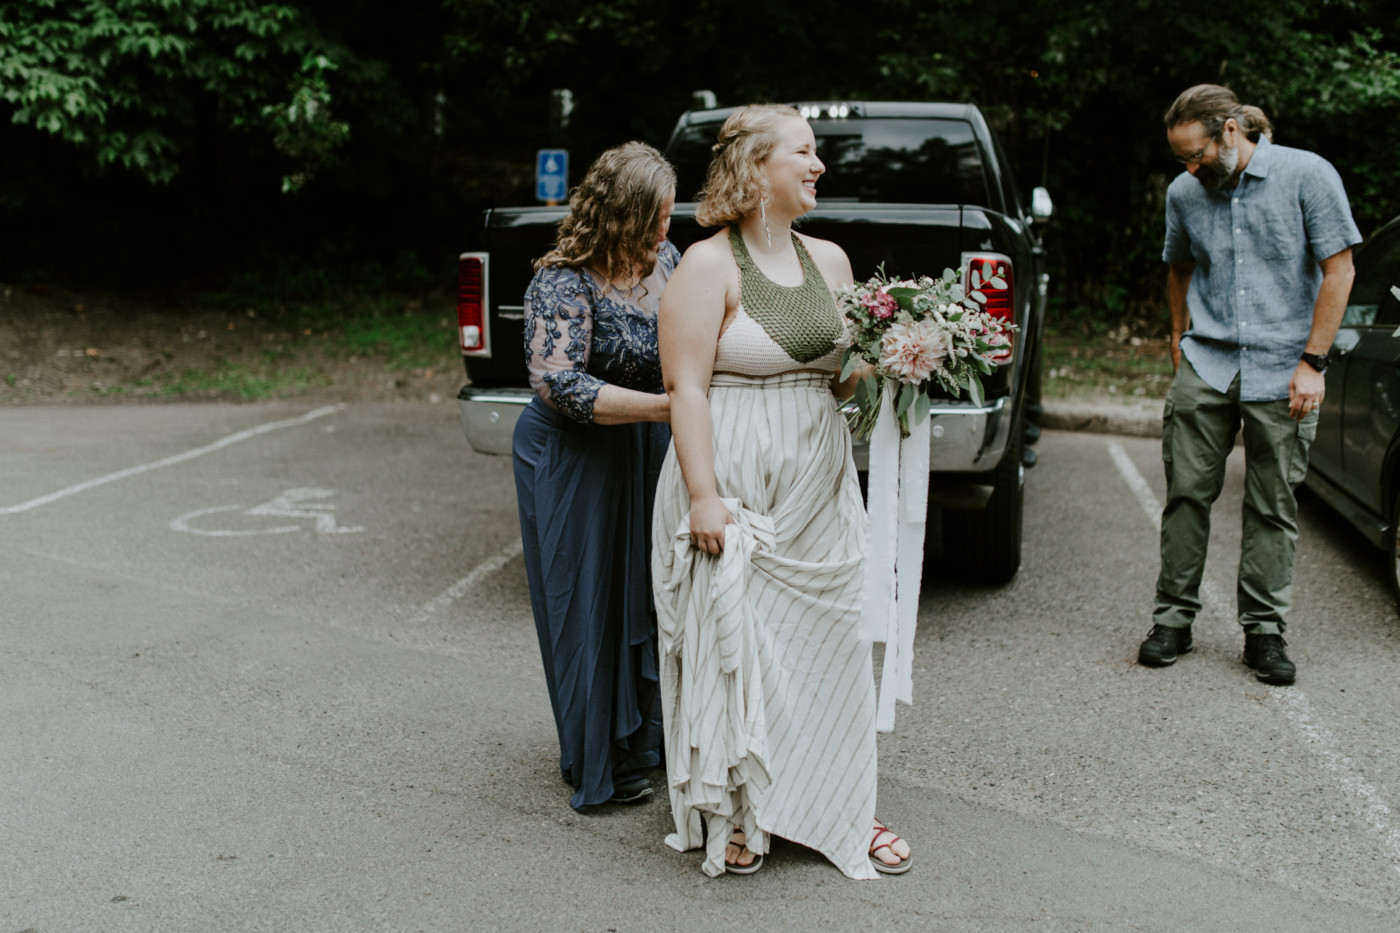 Kate's mom helps her with her wedding dress. Elopement wedding photography at Bridal Veil Falls by Sienna Plus Josh.
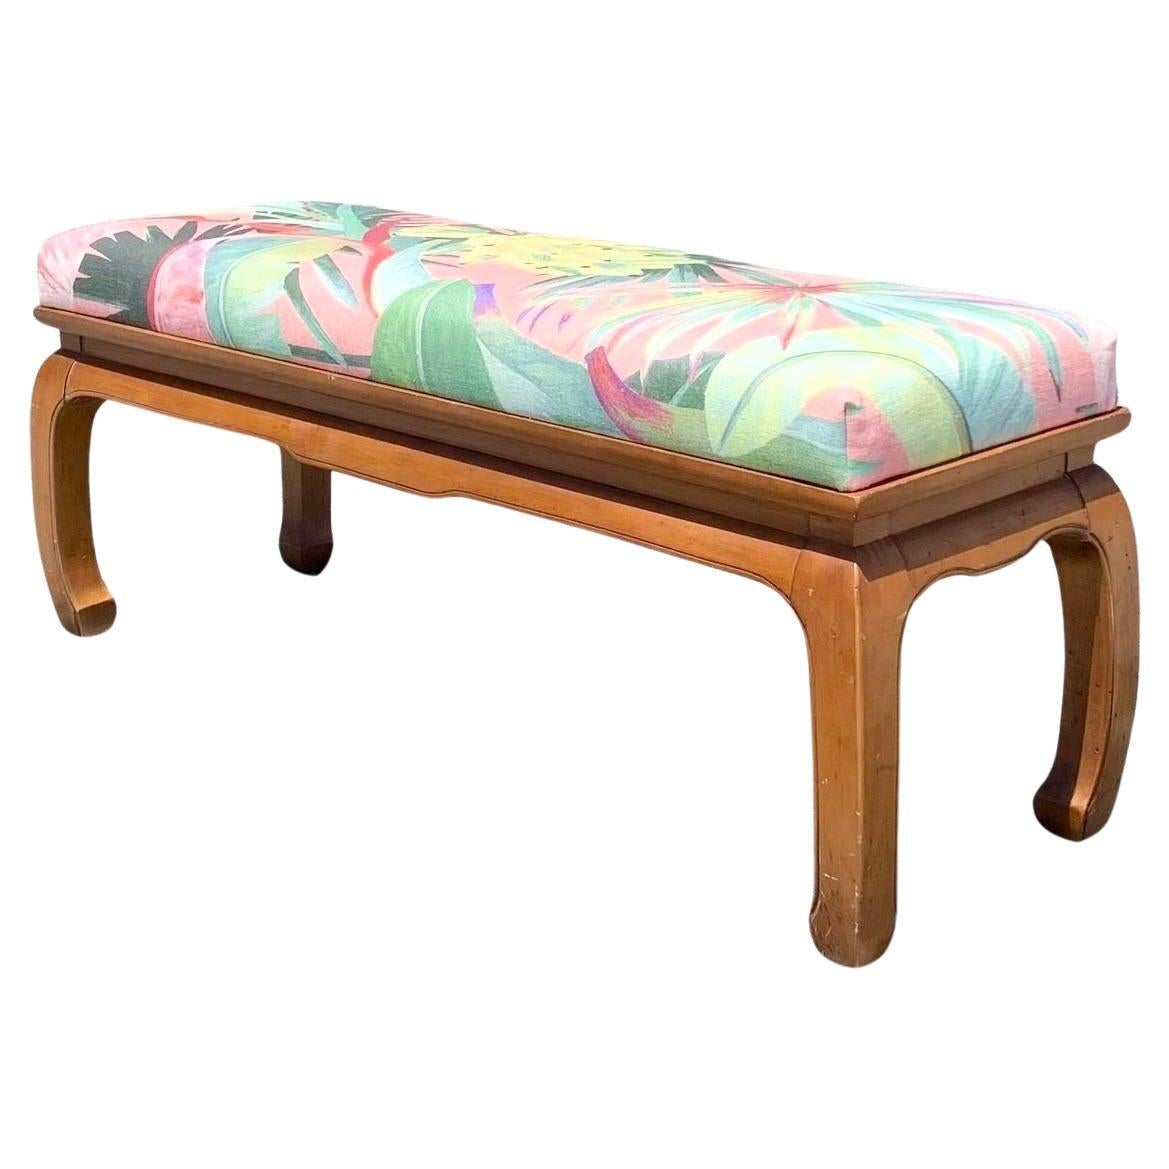 Vintage Century Chair Company Ming Foot Wood Bench With Mokum La Palma Seat For Sale
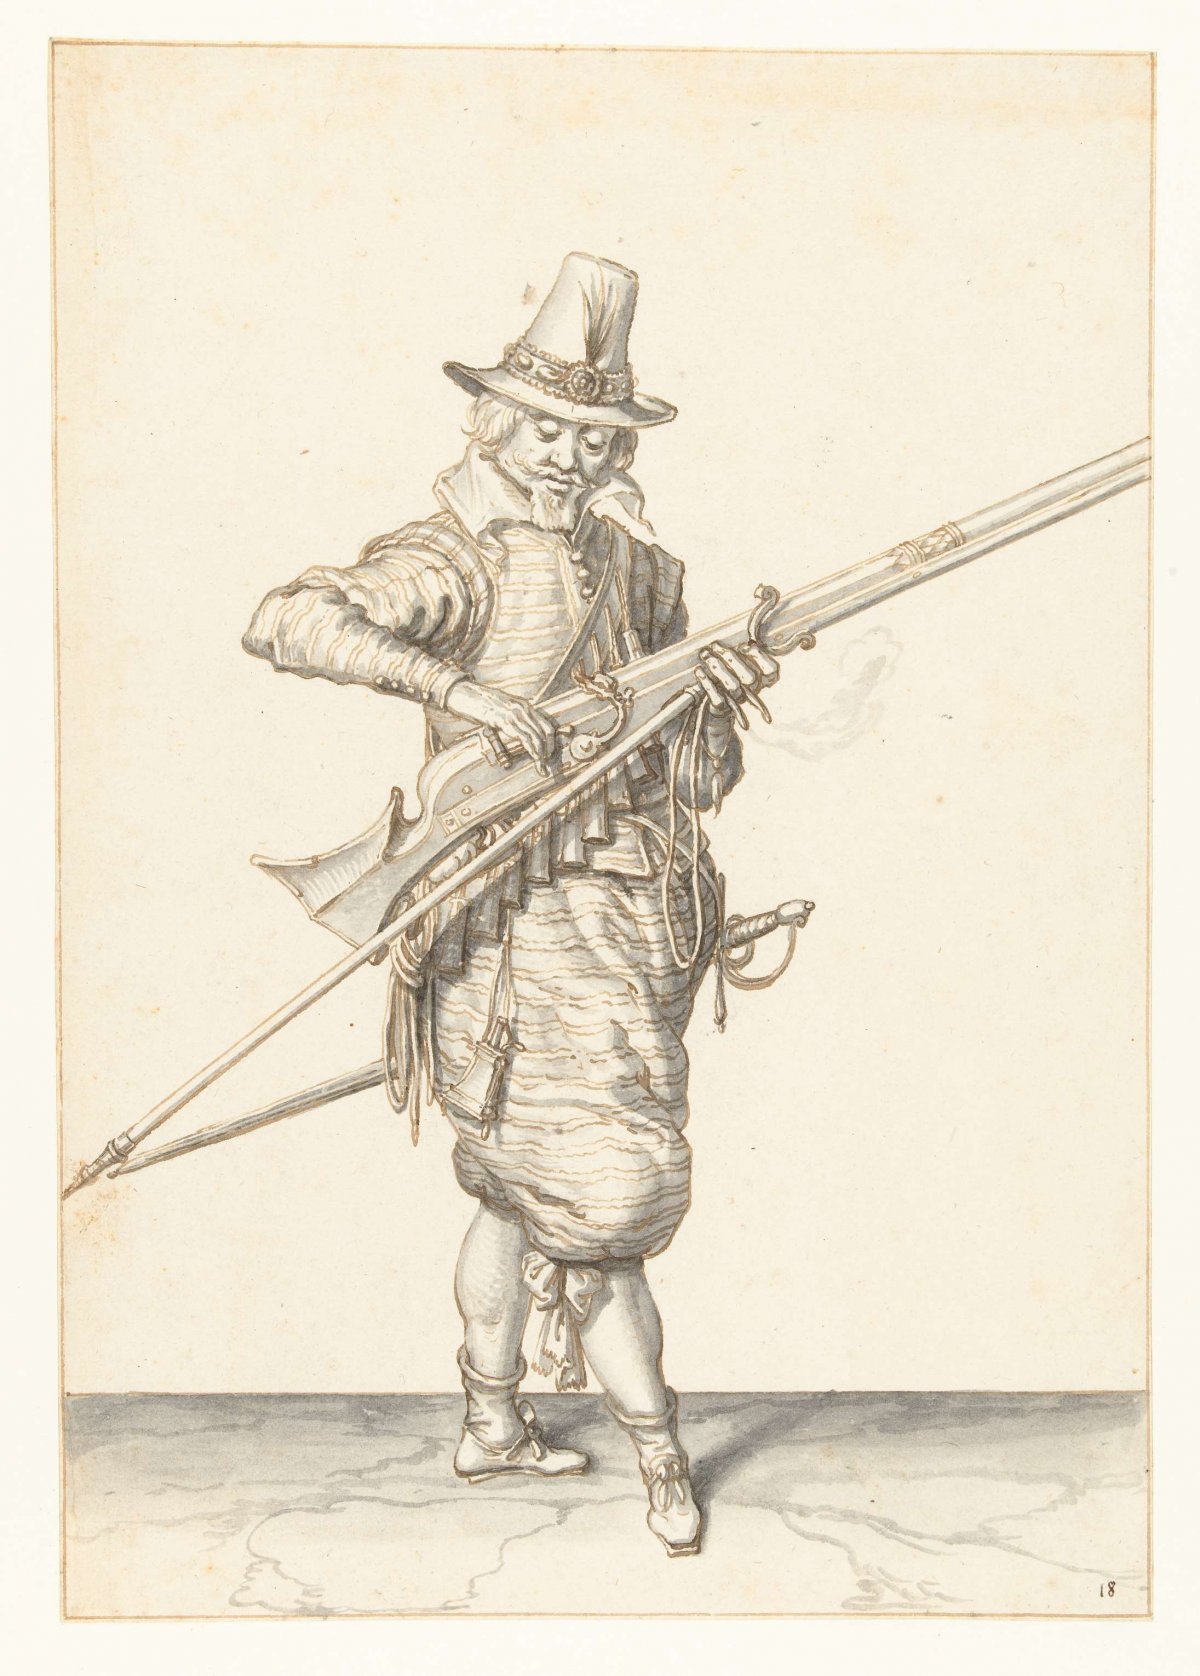 Soldier closing the pan of his musket, Jacques de Gheyn (II), 1596 - 1606
++++++++
▸ Problem statement: Retype all the data exactly, please, without pictures.

▸ Task result:
 Kate's mom helps her with her wedding dress. Elopement wedding photography at Bridal Veil Falls by Sienna Plus Josh.
 Vintage Century Chair Company Ming Foot Wood Bench With Mokum La Palma Seat For Sale
 Soldier closing the pan of his musket, Jacques de Gheyn (II), 1596 - 1606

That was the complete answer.